Greencore Group plc – Annual report – 27 September 2019
Industry: food and drink
Chairman’s Statement (extract)
As I write, the nature of the UK’s exit from the EU remains unresolved. As a Board, we continue to monitor closely its potential implications on the business, including, in particular, any potential changes to costs in the supply chain and the availability and cost of labour. It remains true that there will be Brexit related challenges for everyone involved in the UK food industry, however we are confident that we are well positioned to manage any prospective challenges and to work with our customers to exploit the opportunities that may arise.
Operating and Financial Review (extract)
The Group has been engaged in Brexit planning since the result of the referendum was first announced and monitors closely the potential implications of Brexit on its business, particularly in the areas of volume, material sourcing and labour availability. A multi-functional team meets on an ongoing basis to assess Brexit-related risks, build mitigation plans, test alternative scenarios and support dialogue with our customers, government, the wider industry and other stakeholders.
The Group continues to believe that the risks from Brexit are manageable in the medium-term, while acknowledging potential near-term challenges associated with a disorderly exit.
The direct financial impact associated with preparation for Brexit was modest in the period. Some incremental working capital outflows in H1 19 unwound as the financial year progressed.
Risks and Risk Management (extract)
Since the UK referendum result on membership of the EU in June 2016 we have been engaged, via a well-established Brexit taskforce, in planning for the UK’s exit from the EU. Our Brexit taskforce brings together a multi-functional team on an ongoing basis to assess Brexit-related risks, build mitigation plans, test alternative scenarios and support dialogue with our customers, the government, the wider industry and other stakeholders.
In recent months we have focused on the areas that could have the most direct impact on our ability to service customers at the time the UK leaves the EU. These areas include maintaining effective customer service, efficient movement of goods, managing the impact of potential tariffs and quota restrictions and ensuring compliance with regulatory frameworks.

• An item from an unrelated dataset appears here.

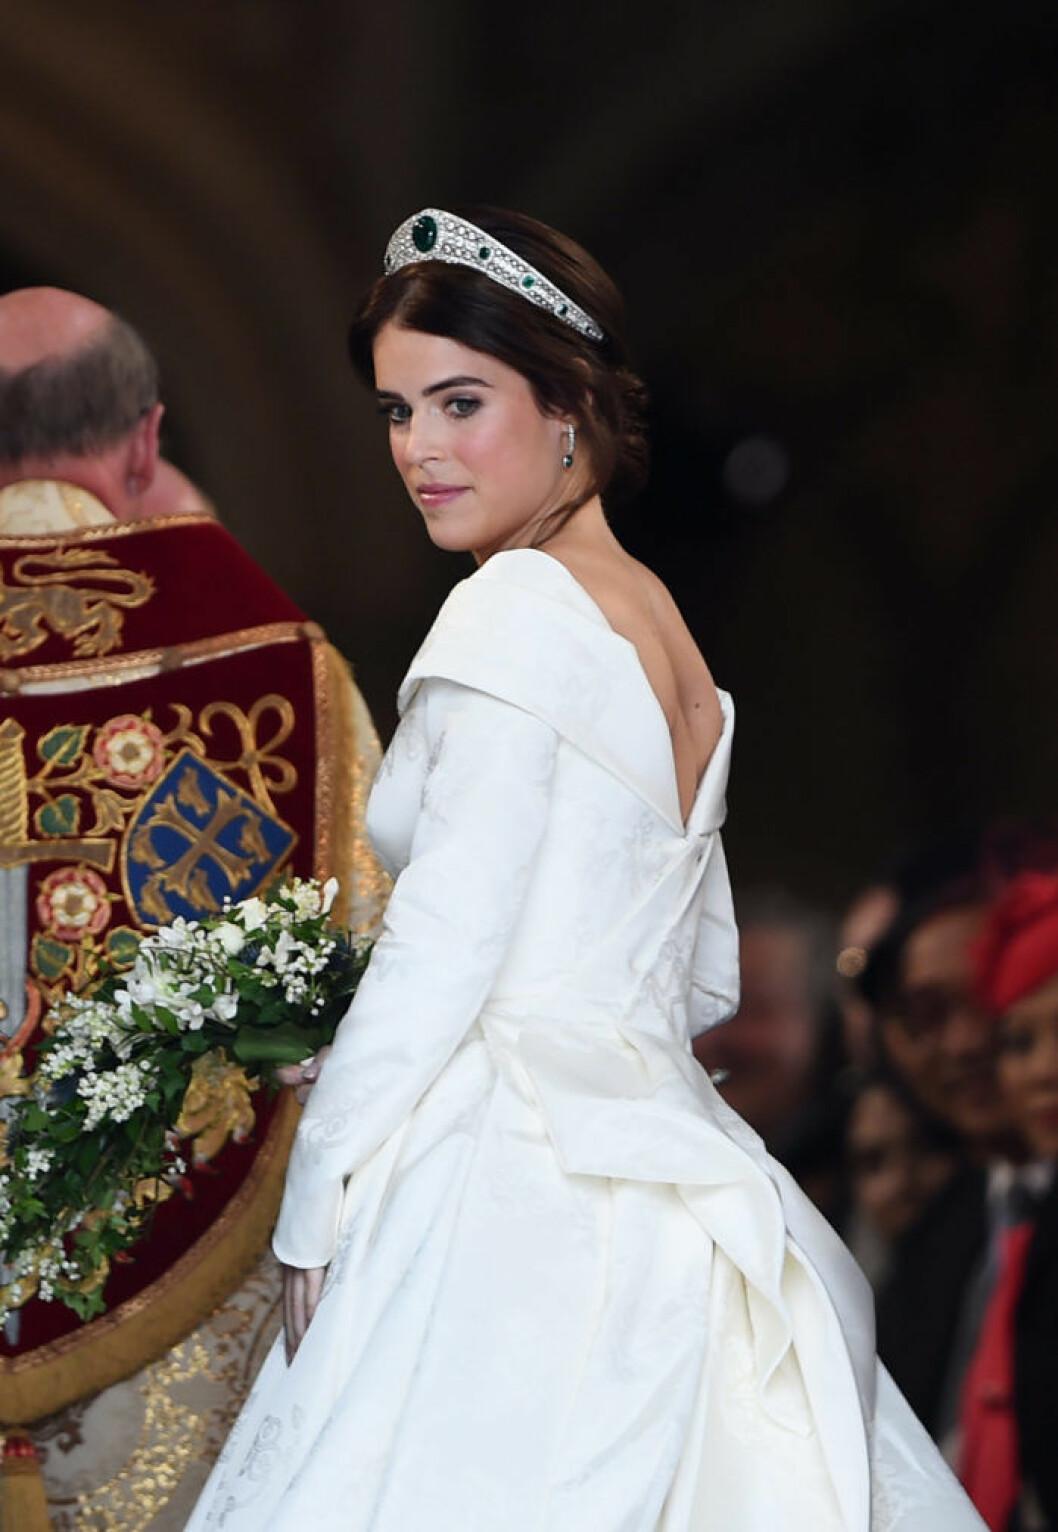 Eugenies brudklänning var v-ringad i ryggen för att hennes skolios-ärr skulle synas.

Longer term, we have identified three primary areas of potential risk:
We are largely a ‘domestic UK’ business from a production and commercial standpoint, as the vast majority of the consumer products we produce in the UK are sold in the UK. We also believe, based on our experience from the last UK recession, that volumes in the categories in which we operate would be relatively resilient to any headwinds to the UK economy following Brexit. We therefore anticipate limited risk to our volumes post Brexit.
We estimate that we source approximately 80% of our raw materials from UK based suppliers. Even taking account of raw materials which are in turn sourced from outside the UK by our suppliers, we estimate that less than one third of our raw materials are imported from EU-27 countries. For these materials, we have made alternative sourcing arrangements and have a well-developed contingency plan, which includes forward buying, qualification of alternative suppliers, storage of raw materials, and flexibility in recipes. We are also confident in our ability to largely pass through any associated cost increases, given our track record of inflation management with our customers, and the heightened attention on continuity of supply during any transition period.
We note the increased pressure on the availability of lower skilled labour in recent years and the reduction in migration from EU-27 countries since the Brexit referendum. While we anticipate that these trends will continue, we expect this to play out over a period of years and are adapting our labour model accordingly.
Consideration of these risks has been incorporated into the Group’s principal risks as appropriate.
In line with the Provision C.2.2. of the 2016 Code, the Directors have carried out a rigorous review of the prospects of the current business and its ability to meet its liabilities as they fall due over the medium term. In undertaking this review, the Directors have concluded that a three year timeframe continues to be an appropriate period for this assessment given that this is the typical period for visibility of commercial arrangements with the Group’s customers in the Group’s strategic planning process. The objectives of the annual strategic planning process are to consider the key strategic choices facing the Group and to build a consolidated financial model with various scenarios, taking into account the principal risks and uncertainties facing the Company, including Brexit, which may threaten the Company’s solvency, liquidity, cash flow and business model.
Assumptions are built for the Group Income Statement, Balance Sheet and cash flow. These are rigorously tested by management and the Directors. Sensitivity analysis has been applied to reflect the potential impact of some of the principal strategic and commercial risks of the Company as described on pages 40 and 41. These risks could affect the level of sales and profitability of the Company and the amount of capital required to deliver them. A model of financing requirements is also built for the same
time period taking into account the base plan and sensitivities against this, together with the likelihood of being able to refinance maturing committed facilities. Based on the results of this analysis, the Directors have a reasonable expectation that the Company will be able to continue in operation and meet its liabilities as they fall due over the three year period of their assessment.